SAN FRANCISCO AND DENVER — After stockholders of both companies approved on June 1, San Francisco-based AMB Property Corporation (NYSE: AMB) and Denver-based ProLogis (NYSE: PLD), completed their merger, for which a definitive agreement was signed on January 31, 2011.
Upon completion of the merger, the two companies combined to form the publicly traded Prologis, Inc. The common stock of the combined company is now trading under the symbol PLD on the New York Stock Exchange as of Friday, June 3. The company's corporate headquarters are in San Francisco, and the company's operations headquarters are in Denver. Prologis, Inc. is structured as an UPREIT.
More than 498 million, or 87.4 percent, of ProLogis' outstanding shares were voted, with approximately 99.6 percent of those voted in favor of the merger proposal. With the merger now in effect, each ProLogis common share has been exchanged into 0.4464 of a newly issued common share of AMB, while each share of AMB common stock remains as one share of the combined company's common stock. Former ProLogis common equity holders hold approximately 60 percent of the combined company's common stock, and former AMB common equity holders hold approximately 40 percent.
The combined company boasts more than 600 million square feet of modern distribution facilities owned and managed in 22 countries. The company is expected to have a pro forma equity market cap of approximately $15.7 billion.
“This merger brings together two great organizations to form an even stronger global industrial real estate company,” said Hamid R. Moghadam, chairman and co-CEO. “We are excited to move forward with a clear strategy to pursue growth opportunities around the world.”
“Prologis is poised for a bright future,” said Walter C. Rakowich, co-CEO. “We are primed to deliver on the promise of great products and service for our customers, career opportunities for our people and sector-leading returns for our stockholders.”

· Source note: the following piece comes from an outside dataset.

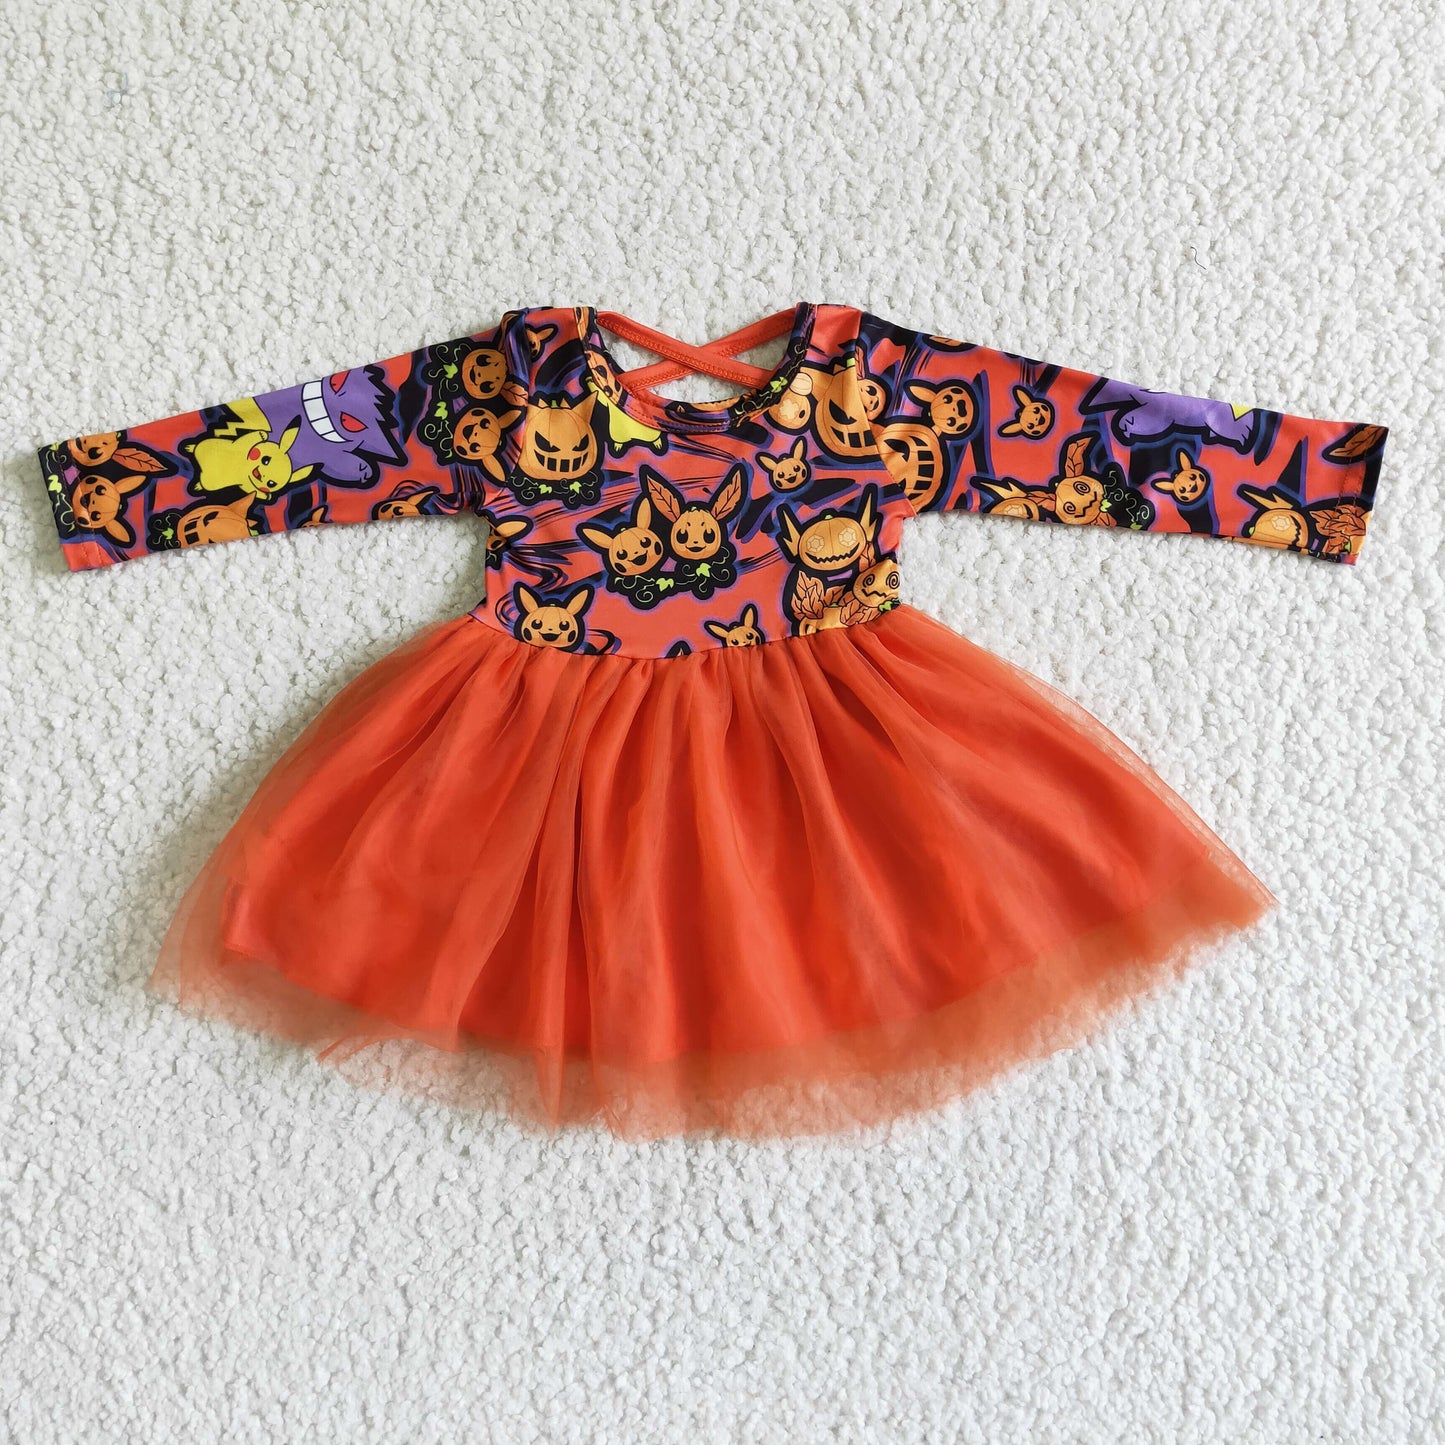 Long sleeve orange tulle baby girls Halloween dresses

A video of Moghadam and Rakowich commenting on the merger can be found here.
Moghadam and Rakowich will serve as co-CEOs of the combined company through December 31, 2012, at which time Rakowich will retire and Moghadam will become sole CEO. Until then, Moghadam will focus on shaping the company's vision, strategy and private capital franchise, and Rakowich will focus on operations, specifically the integration of the two platforms and the optimization of merger synergies. In addition, Moghadam will be chairman of the Board and Rakowich will serve as chairman of the Board's executive committee.

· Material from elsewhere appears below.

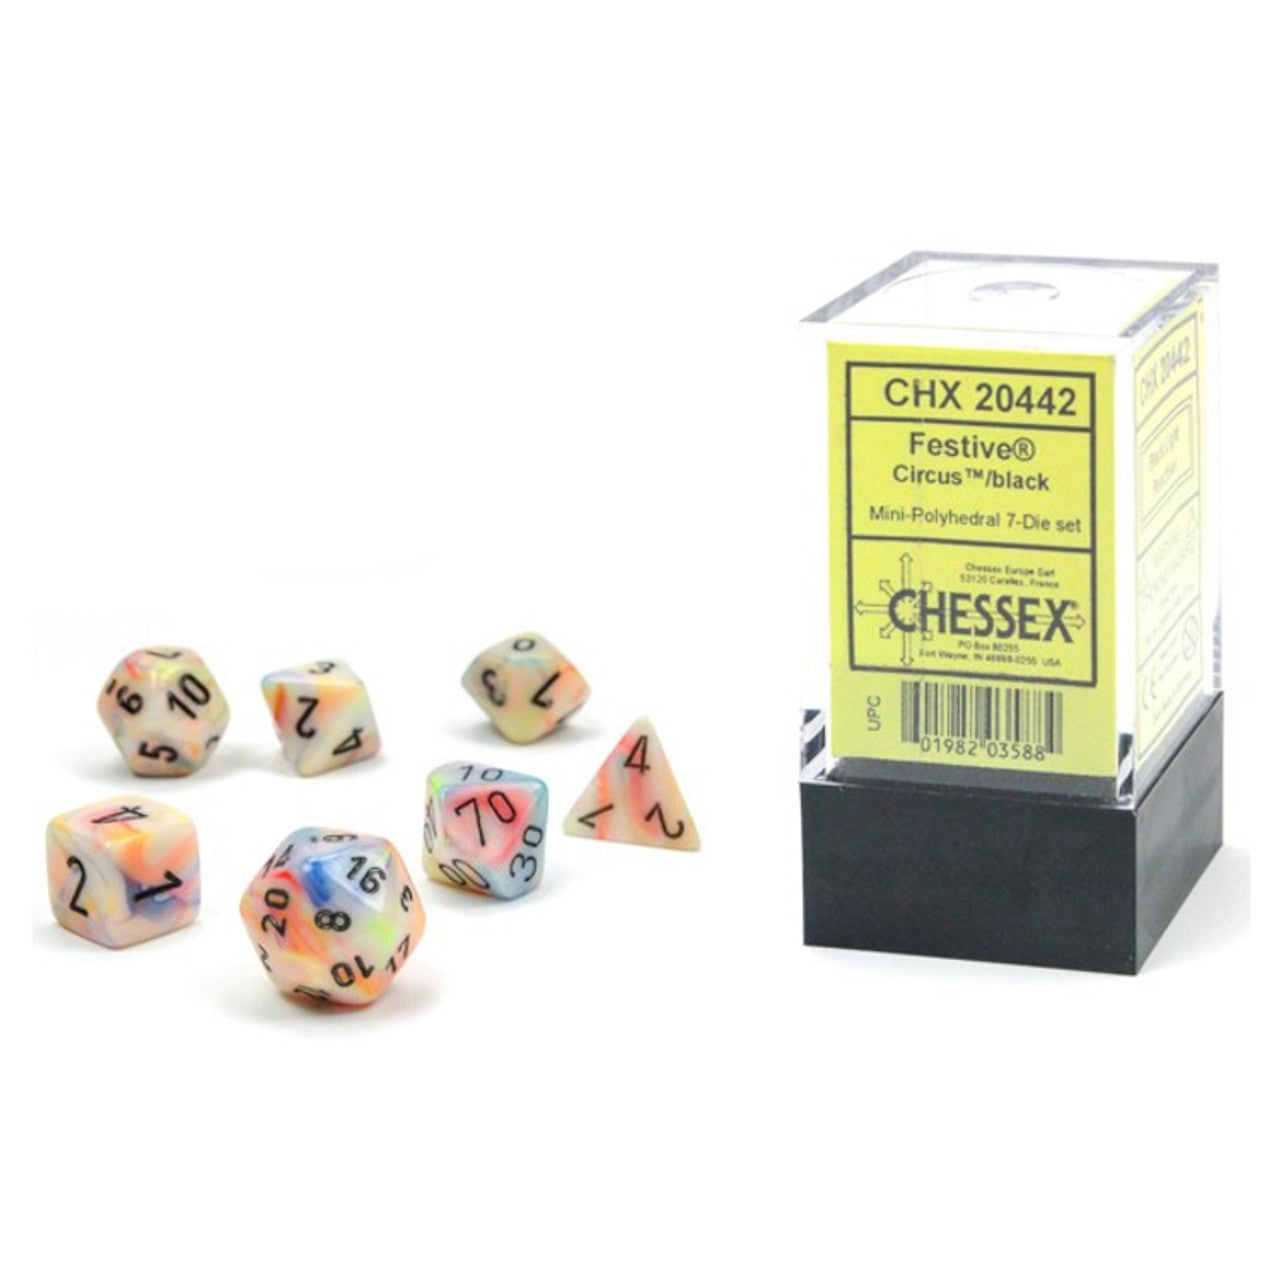 Chessex Dice: Festive - Mini Polyhedral Circus/Black (7)

Besides Moghadam and Rakowich, the members of the Board of Directors include: Lydia H. Kennard, J. Michael Losh, Jeffrey L. Skelton and Carl B. Webb, former members of the board of directors of AMB; and George L. Fotiades, Christine N. Garvey, Irving F. Lyons III, D. Michael Steuert and William D. Zollars, former members of the board of trustees of ProLogis. Irving F. Lyons III will serve as lead independent director.
The transaction creates expected annual gross savings of approximately $80 million in G&A to be realized by the end of 2012. The company anticipates an improved cost of capital with greater financial flexibility and that its expanded footprint will generate increased revenue opportunities.
Morgan Stanley acted as financial advisor to ProLogis, and Greenberg Traurig and Mayer Brown acted as legal advisors to ProLogis. J.P. Morgan Securities LLC acted as financial advisor to AMB, and Wachtell, Lipton, Rosen & Katz acted as legal advisor to AMB.